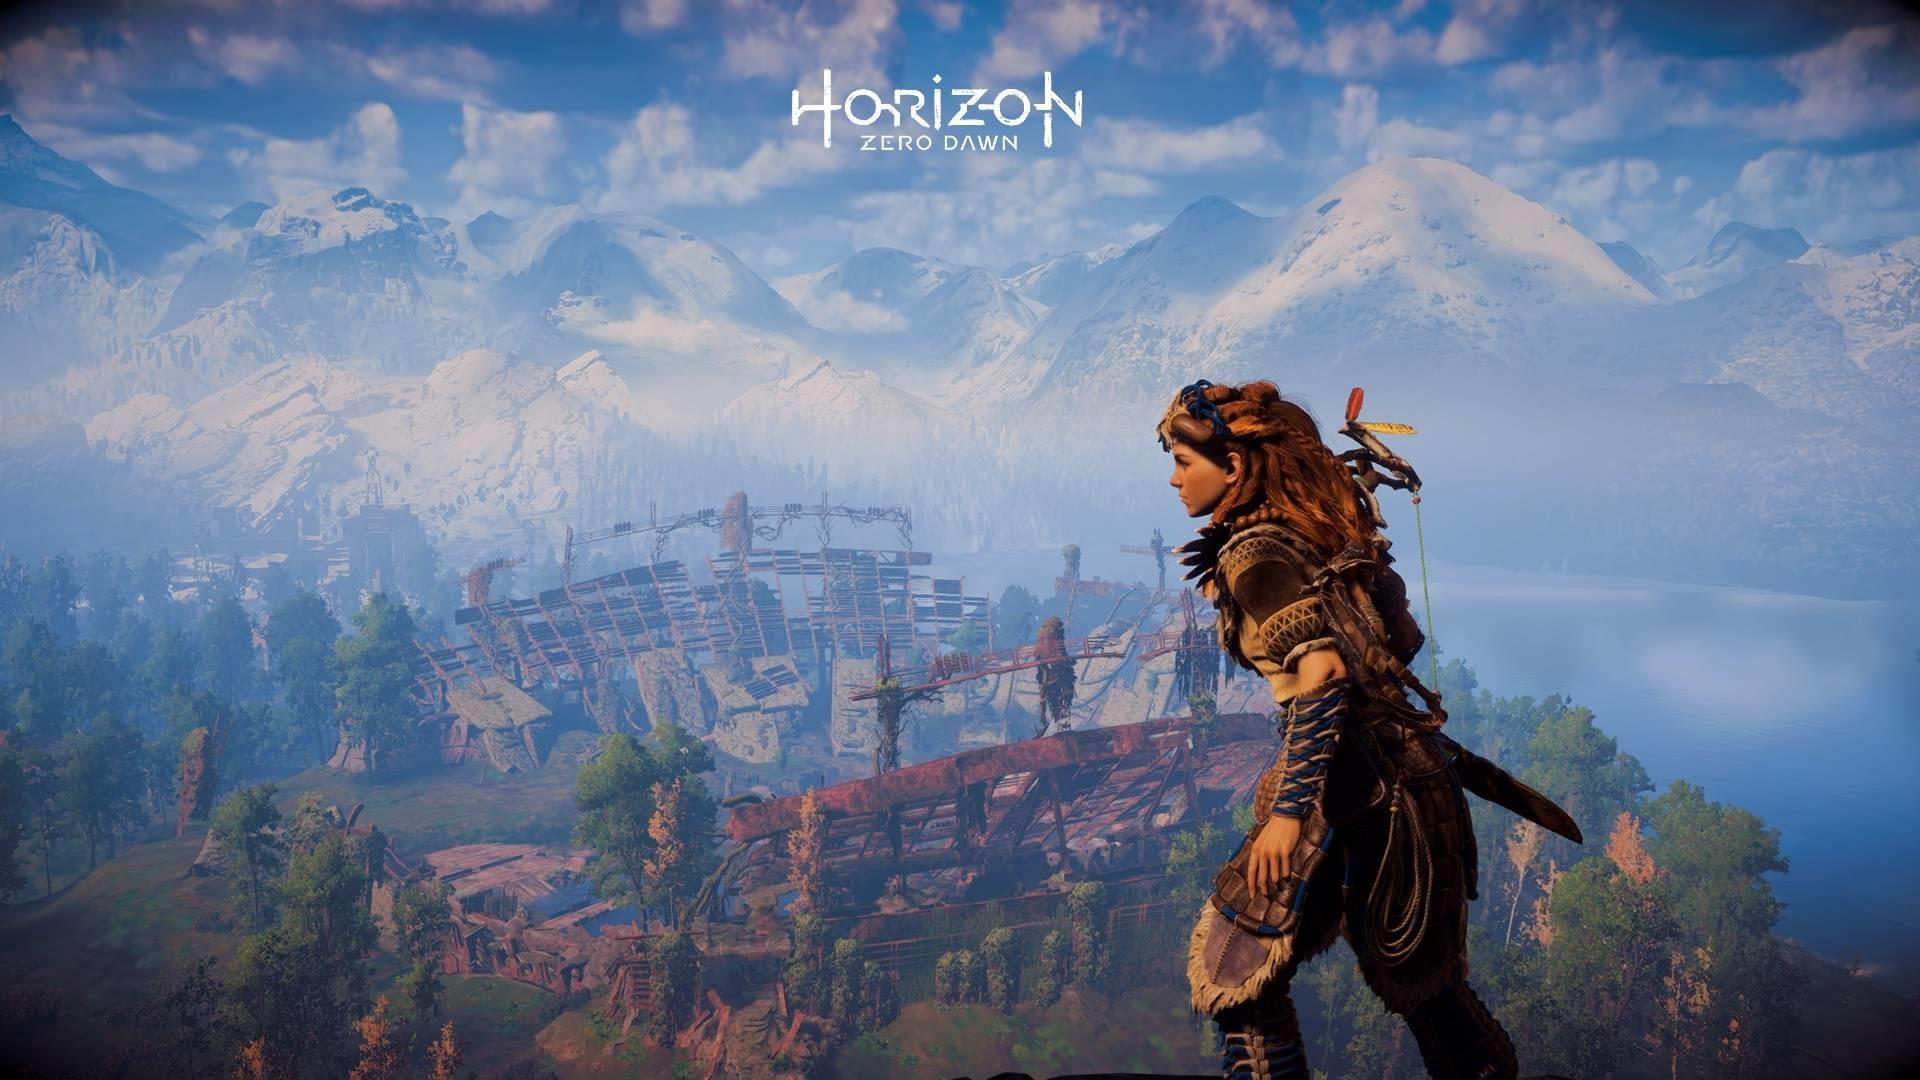 Horizon Zero Dawn Wallpapers 84 Images
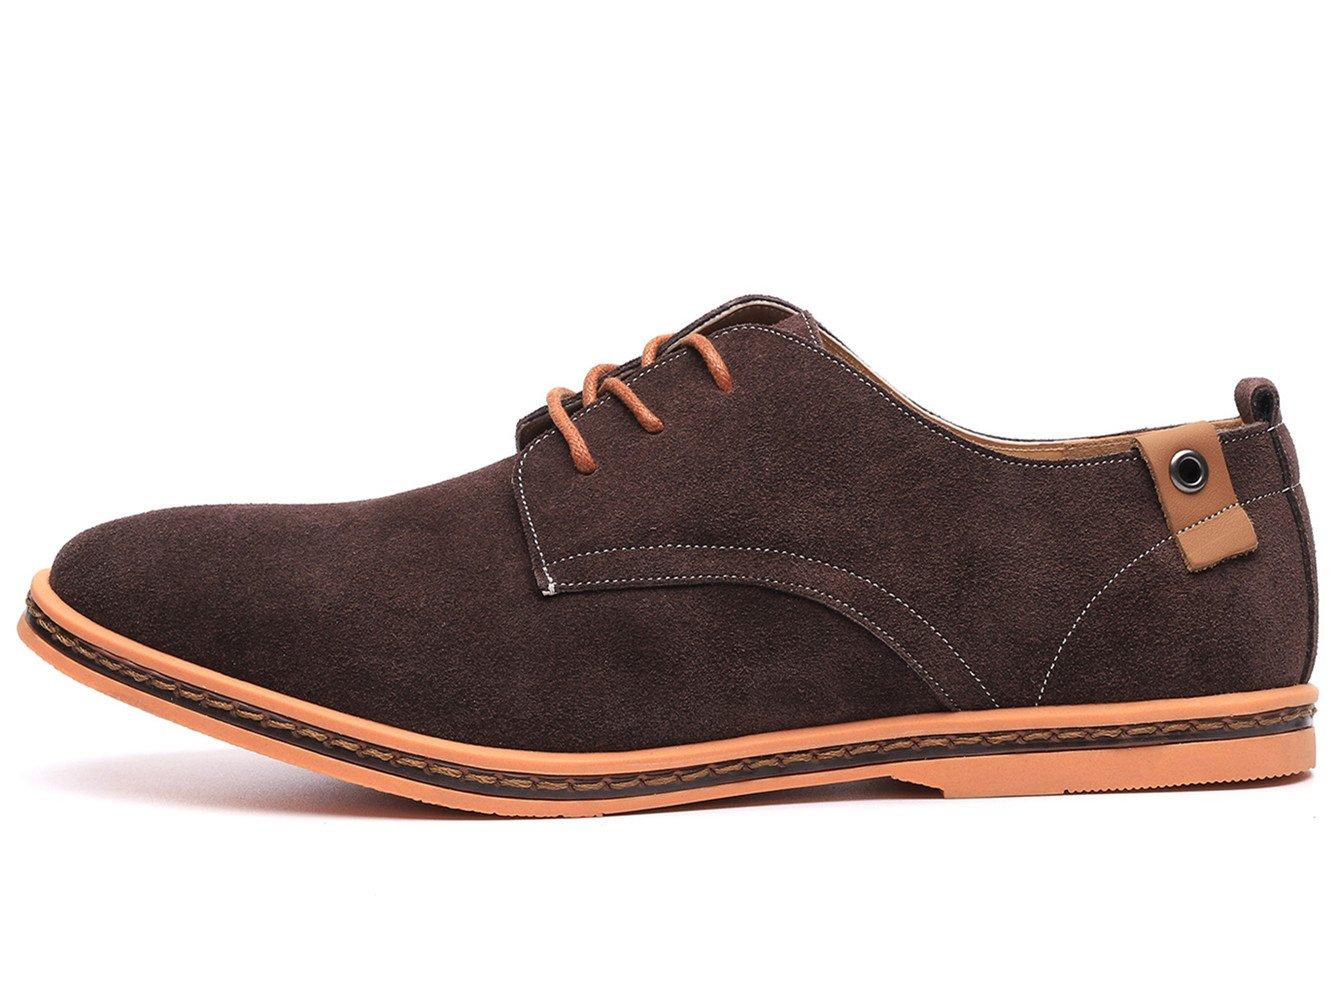 Dadawen Men's Brown Leather Oxford Shoe - 11 D(M) US by DADAWEN (Image #4)
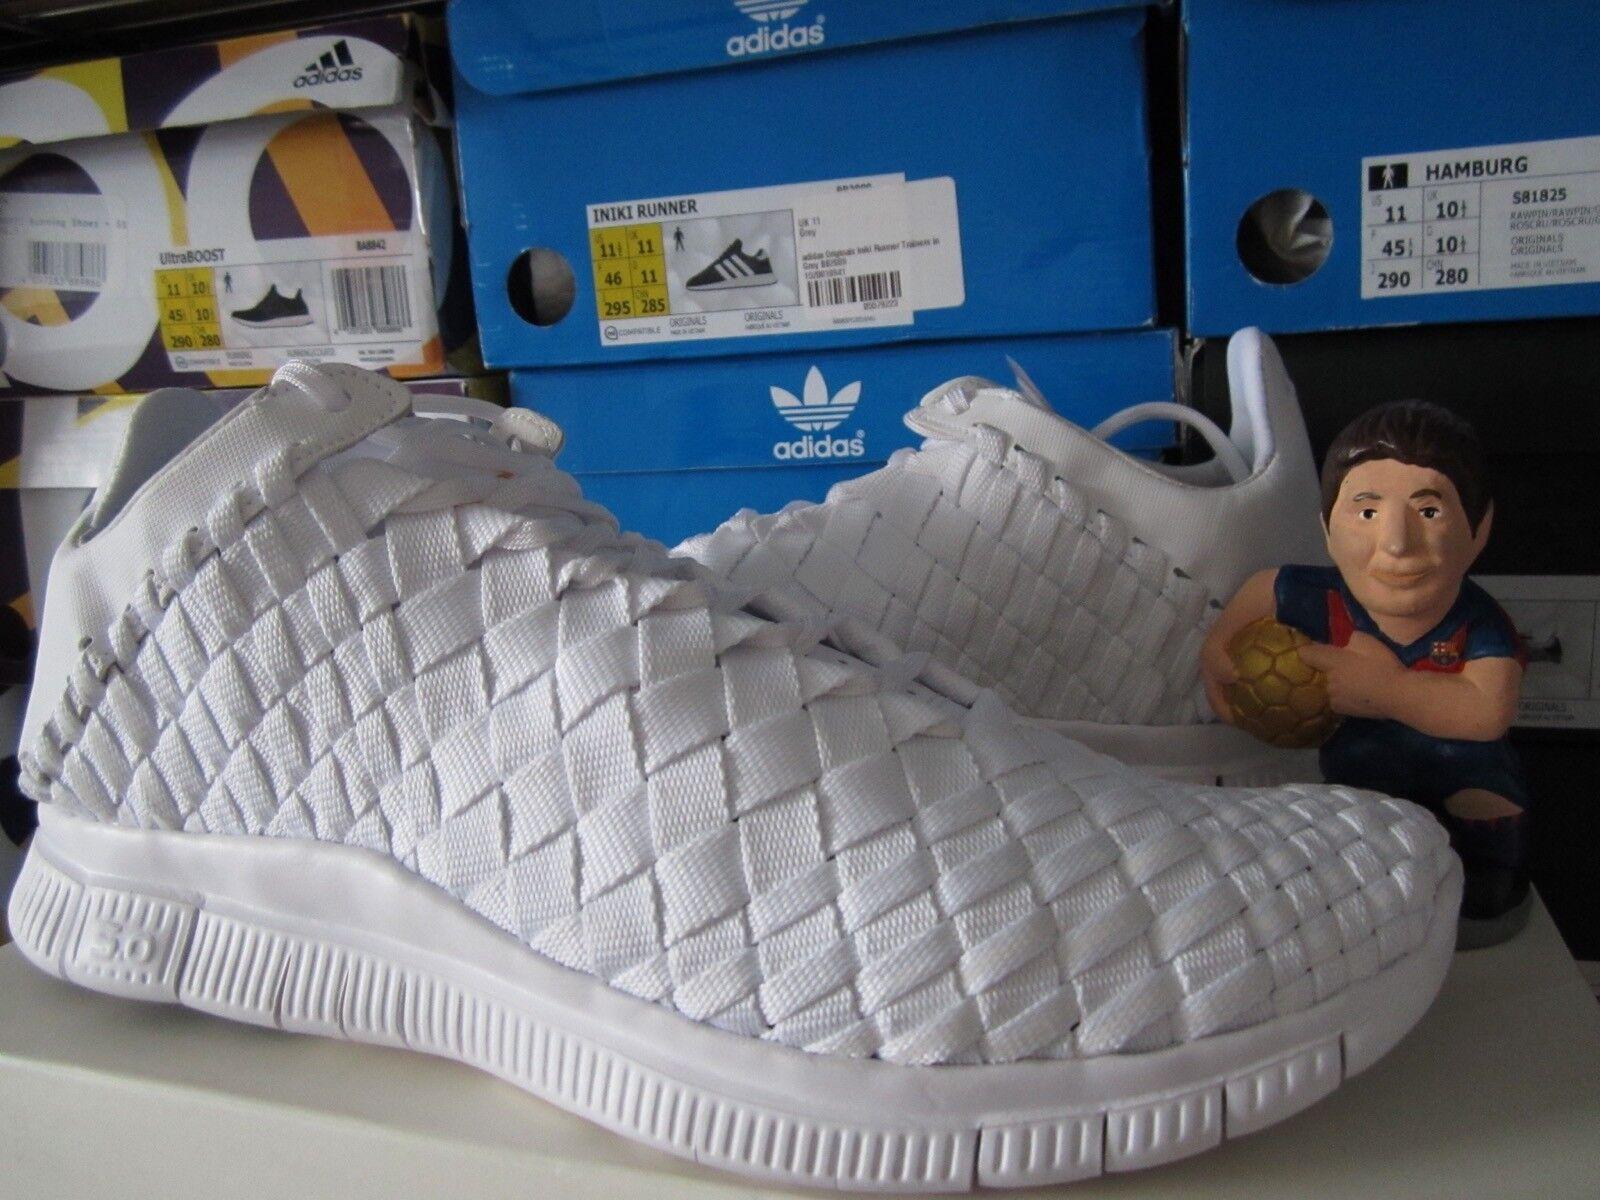 Nike Free Inneva Woven Tech SP White?705797-110 DS Size 11 Flyknit Primeknit
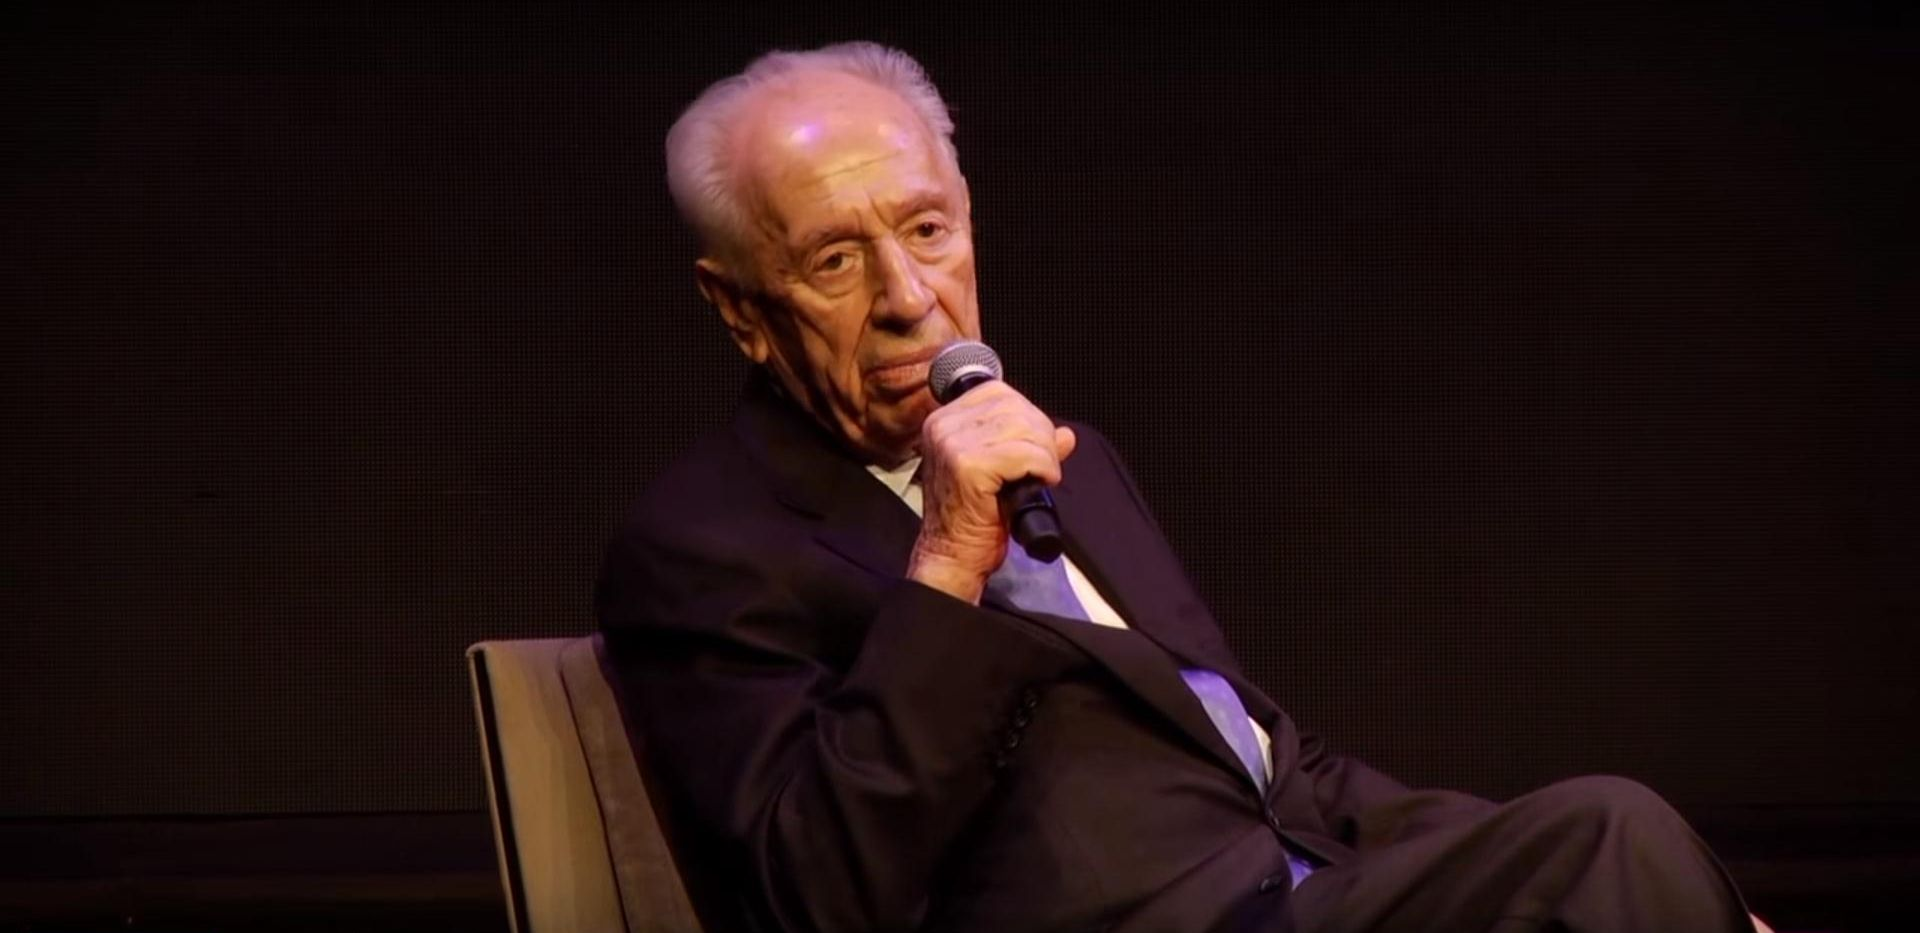 NA PROMATRANJU Bivši izraelski predsjednik Shimon Peres (92) završio u bolnici
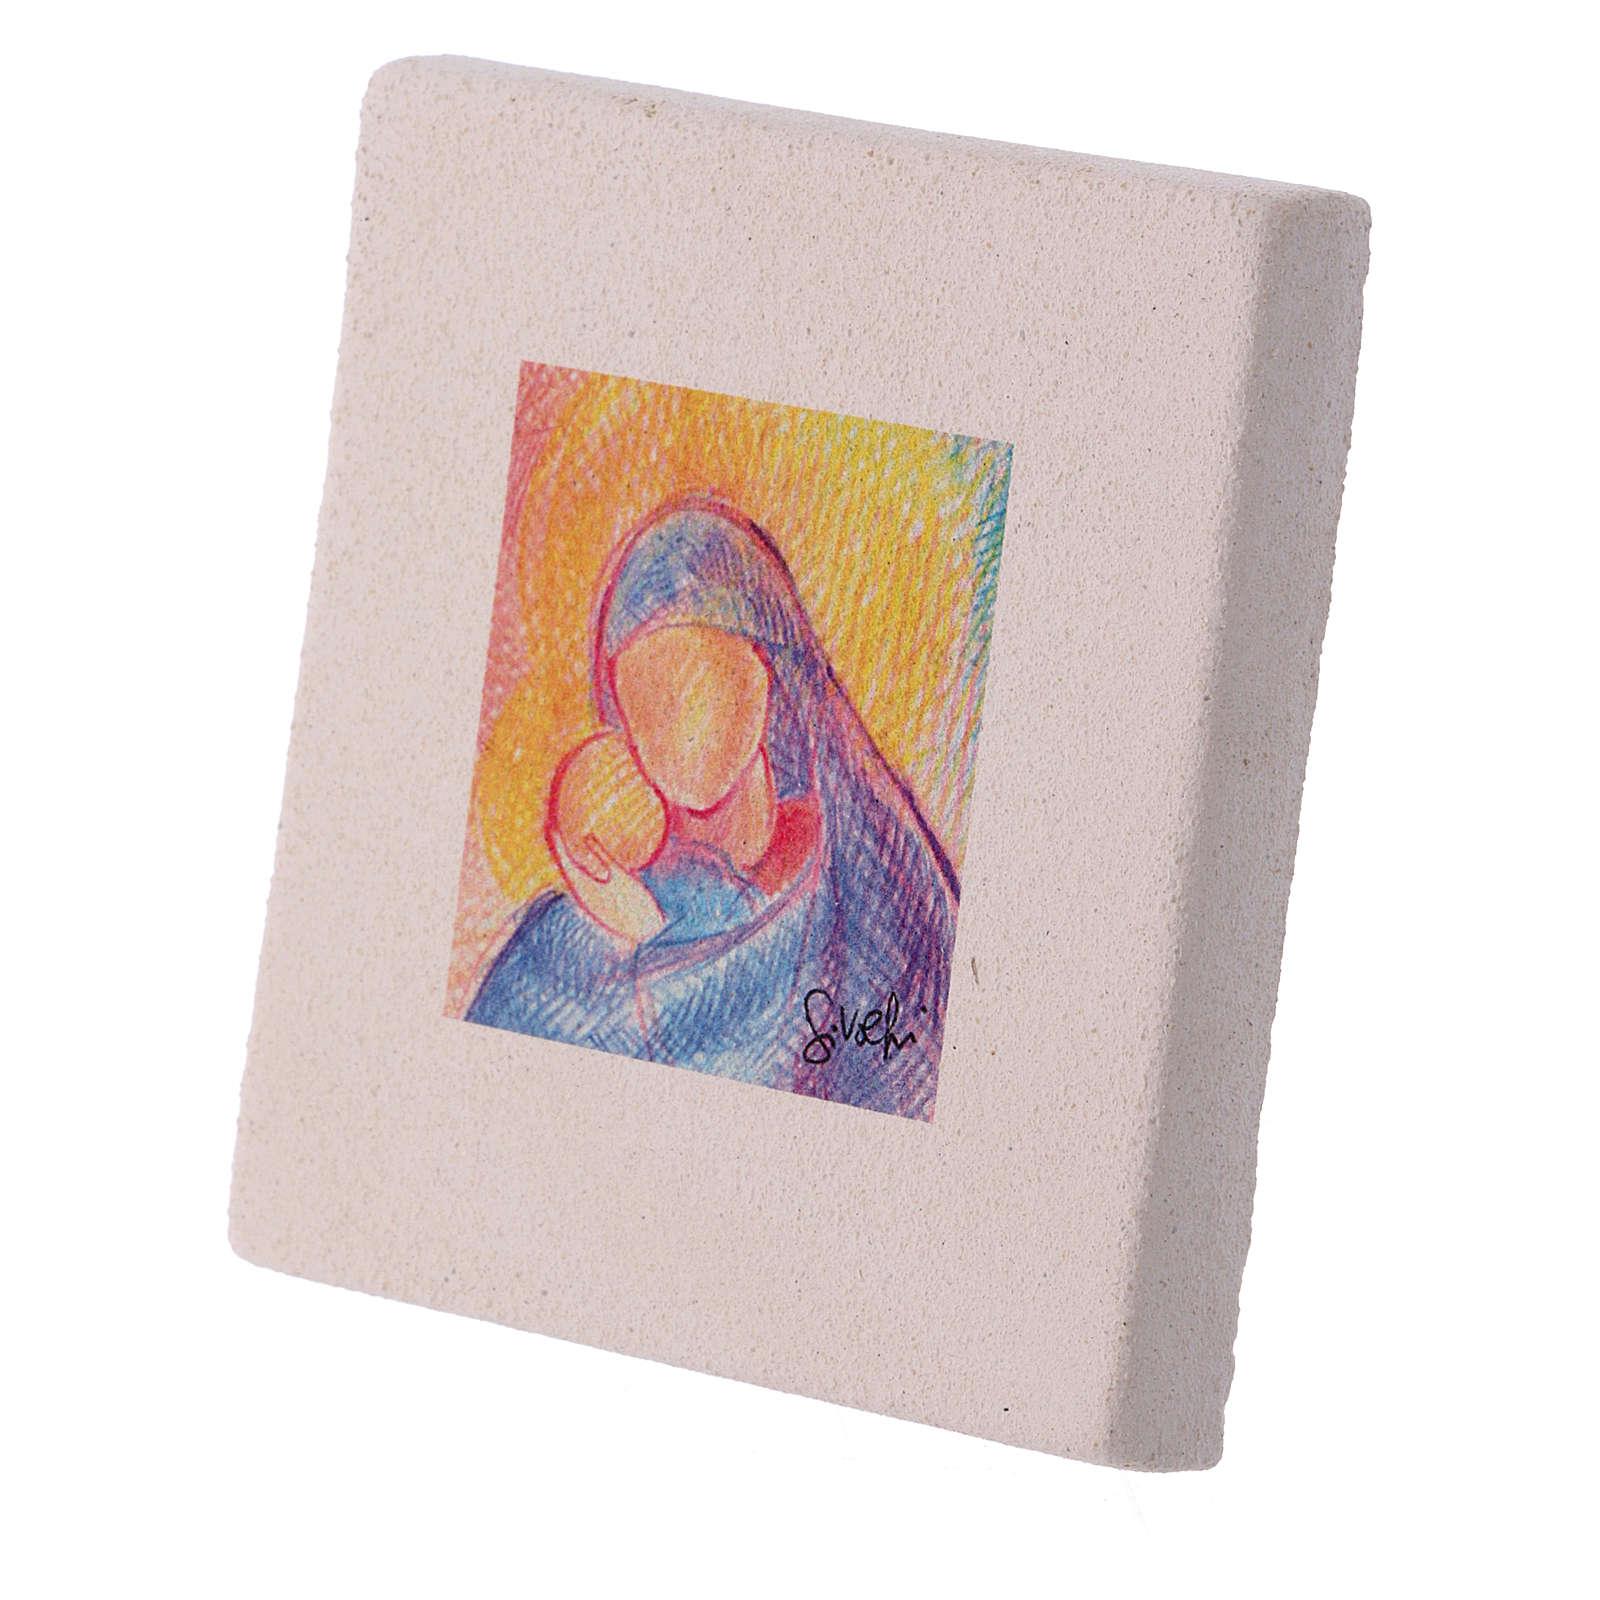 Christmas miniature the hug between Mary and Jesus 10X10 cm 3

§ What is needed
Skip the pictures and reproduce all remaining entries exactly.

§ Task answer
 Horizon Zero Dawn Wallpapers 84 Images
 Dadawen Men's Brown Leather Oxford Shoe - 11 D(M) US by DADAWEN (Image #4)
 Nike Free Inneva Woven Tech SP White?705797-110 DS Size 11 Flyknit Primeknit
 NA PROMATRANJU Bivši izraelski predsjednik Shimon Peres (92) završio u bolnici
 Christmas miniature the hug between Mary and Jesus 10X10 cm 3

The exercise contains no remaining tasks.